Five years in, Apple is overhauling iAd, its foray into mobile advertising.

Apple is reportedly cutting the sales staff, leaving that instead for publishers to handle through a fully automated platform.

The move is, on the one hand, an acknowledgment that Apple is not really in the advertising business: It’s about selling hardware. But at the same time, Apple can’t completely abandon advertising, as it is still the main way for developers on its platforms to make money — and continue developing for Apple products.

Here’s what Apple’s latest changes means:

The Facebook approach
Apple may leave the sales business, but many in the industry just see this as a way for the company to build a full ad tech ecosystem. In fact, this would be similar to Facebook’s partner-driven approach to advertising. Instead of selling all the ads, it lets demand-side platforms plug in and start buying through its pipes.

“It looks like Apple is focused on a partner approach, which is what Facebook did very well,” said Adam Berke, CMO of AdRoll, an ad buying technology company.

It remains to be seen how quickly Apple will invest in the tools that developers and ad buyers need from such an ecosystem — tools that manage ad inventory, ad creative, ad serving across devices and measurements to gauge the success of campaigns. These are all areas that advertisers say Apple is still coming up short. But the sense is that any time Apple wants to get serious, it could be a formidable player in mobile ads. “Building platforms and technology is what they do, and this focusing of their efforts reinforces programmatic,” Berke said.

More ad buying platforms could access iAd
There has been some talk that this sales staff slashing means the end of iAd altogether. Not so, said Jennifer Lum, co-founder of mobile ad platform Adelphic.

“In fact, shifting to an automated platform would actually make iAd more prevalent,” Lum said. “What they’re doing is trying to evolve into a programmatic platform, decreasing sales people and increasing programmatic partners.”

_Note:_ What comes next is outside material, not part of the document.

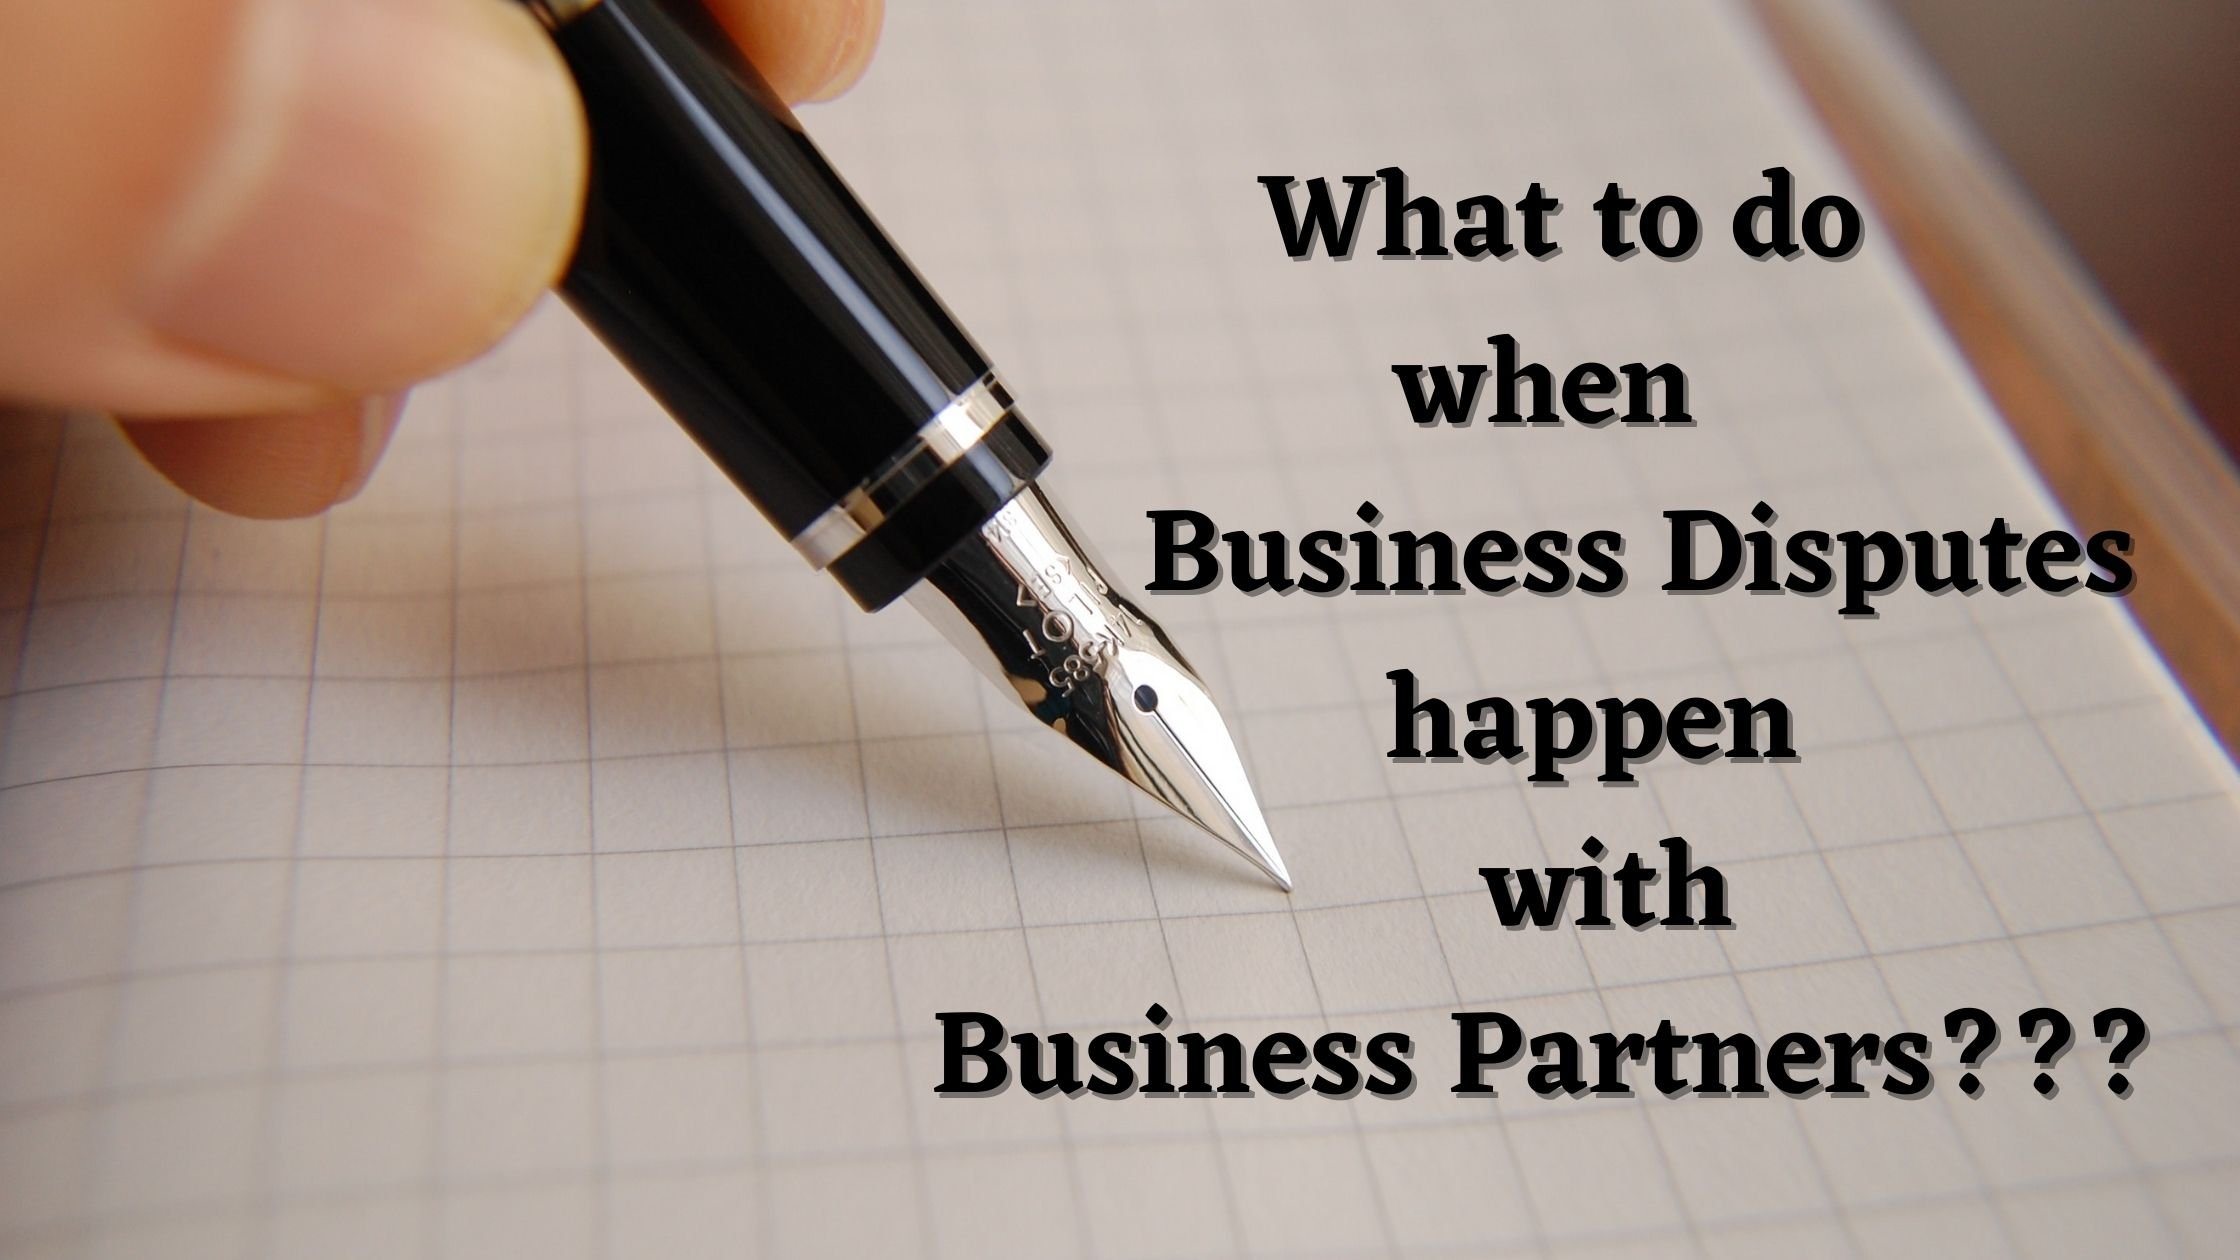 7 TIPS ON WHAT TO DO WHEN SMALL BUSINESS DISPUTES HAPPEN WITH YOUR BUSINESS PARTNER

There could even be an increase in the volume of ads and revenue if iAd opens to more ad buyers on the demand side, Lum said. The new iAd could indeed help buyers and sellers, who no longer need a middleman, according to Kamakshi Sivaramakrishnan, CEO of mobile ad tech startup Drawbridge. Going full programmatic brings buyers and sellers closer together and is just more efficient, Sivaramakrishnan said by e-mail.

Rich behavioral data on Apple users is still in play
Despite its strong stances on user privacy and embracing ad blocking for the first time on iPhones this year, Apple is still sitting on some of the richest customer information in the business. Apple has hundreds of millions of verified iTunes users with insights into everything from family and financial status to content preferences. “This allows them to be more competitive especially in the case where they decide to layer in iTunes data into inventory,” Lum said.

Apps could go elsewhere to help monetize
Still, with Apple showing less and less love for iAd, and advertising in general, there could be developers looking for help making money elsewhere, according to Chris Cunningham, head of mobile and global brand partnerships at IronSource, an app discovery and services platform.

“There’ll be a considerable drop-off from publishers and developers that use the platform, and they’ll be looking for partners with a full range of capabilities,” Cunningham said.